While most people find chest pain alarming, they are not aware that shortness of breath, even in the absence of chest pain, can signal an impending heart attack. In fact, one study, published in The New England Journal of Medicine, found that of 18,000 patients referred for cardiac stress testing, those who experienced shortness of breath were three-to-five times more likely to die. This included some patients who reported no chest pain at all. This shortness of breath can occur suddenly, right before or even during a heart attack. It can also provide you with an important clue that something is wrong with your heart that demands checking out.
One of the challenging things about chest pain is that it often doesn’t feel like chest pain. Sometimes it feels like indigestion, or even heartburn. Take Jack, for instance. He’s a top-flight salesman with a heavy travel schedule. He was in the habit of closing a deal by going out for a big dinner, with a couple of scotch-and-sodas followed by a thick steak. So he wasn’t particularly surprised when he started experiencing indigestion. But on one occasion, it wasn’t indigestion; this was the early warning sign of an impending heart attack.
How is it that pain from your heart can be felt somewhere else? Because we don’t actually perceive pain directly. Even if you stub your toe, the discomfort you feel is first interpreted through our central nervous system, which is comprised of the brain, spinal cord, and nerve cells. Because the nerves in the stomach are located near the heart, it’s notsurprising that such “signal confusion” sometimes occurs in the case of a heart attack.
Nausea and vomiting are often classified as “atypical” symptoms of heart attack, meaning they don’t usually occur. However, in the thousands of patients I’ve treated, I find that they are really not that uncommon at all. Nausea and vomiting can occur alone, but they often also occur with other heart attack symptoms. Obviously, having any one of these symptoms does not necessarily mean you are having a heart attack. But if you believe you are having a heart attack, call 911 and ask to be taken to the nearest hospital.
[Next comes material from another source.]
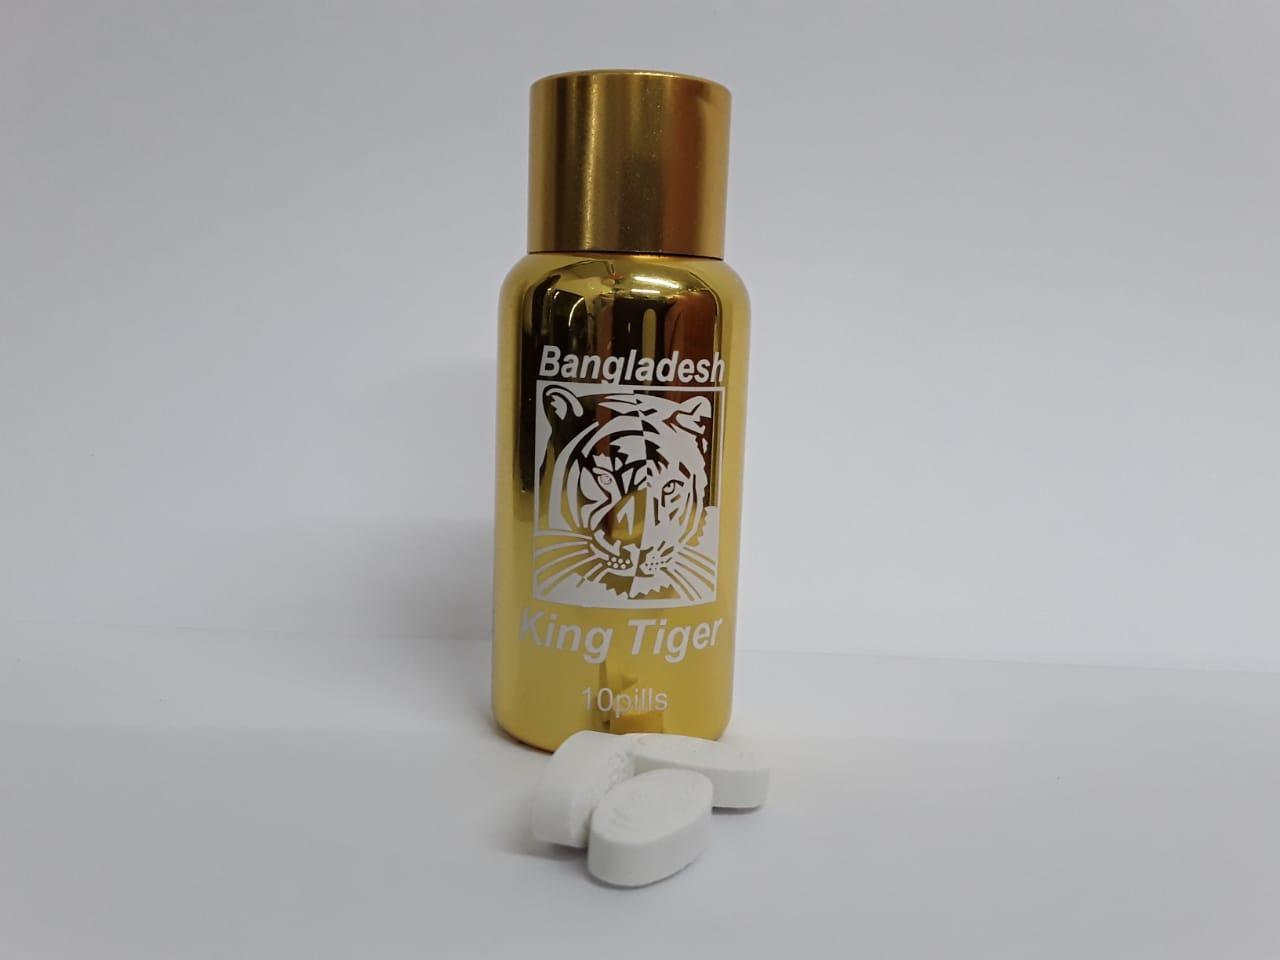 Bangladesh King Tiger Бенгальский тигр средство для повышения потенции, флакон 10 таблеток

Additional Signs of a Heart Attack
Now that I’ve given you the Four Major Things that happen before a heart attack, here’s a rundown of some other symptoms you might experience:
- Discomfort that spreads to the shoulders, arm, back, neck, or jaw
- Indigestion, heartburn, or a choking feeling
- Profuse sweating
- Rapid or irregular heartbeat
- Dizziness, weakness, or lightheadedness
- Vague, general feeling of illness
- Anxiety or a feeling of doom
- Passing out
Obviously, some of these are very general, and may indicate a less serious condition such as a respiratory infection or the flu. But they can occur with the four symptoms I’ve seen occur more commonly in the people I’ve treated over the years for heart attacks. You should also know that if you’ve already had a heart attack, you are at increased risk to suffer another. The symptoms of another heart attack may be the same as the first, or they may be different, which is why it’s important to consider symptoms carefully, and not to assume that they are not coming from your heart.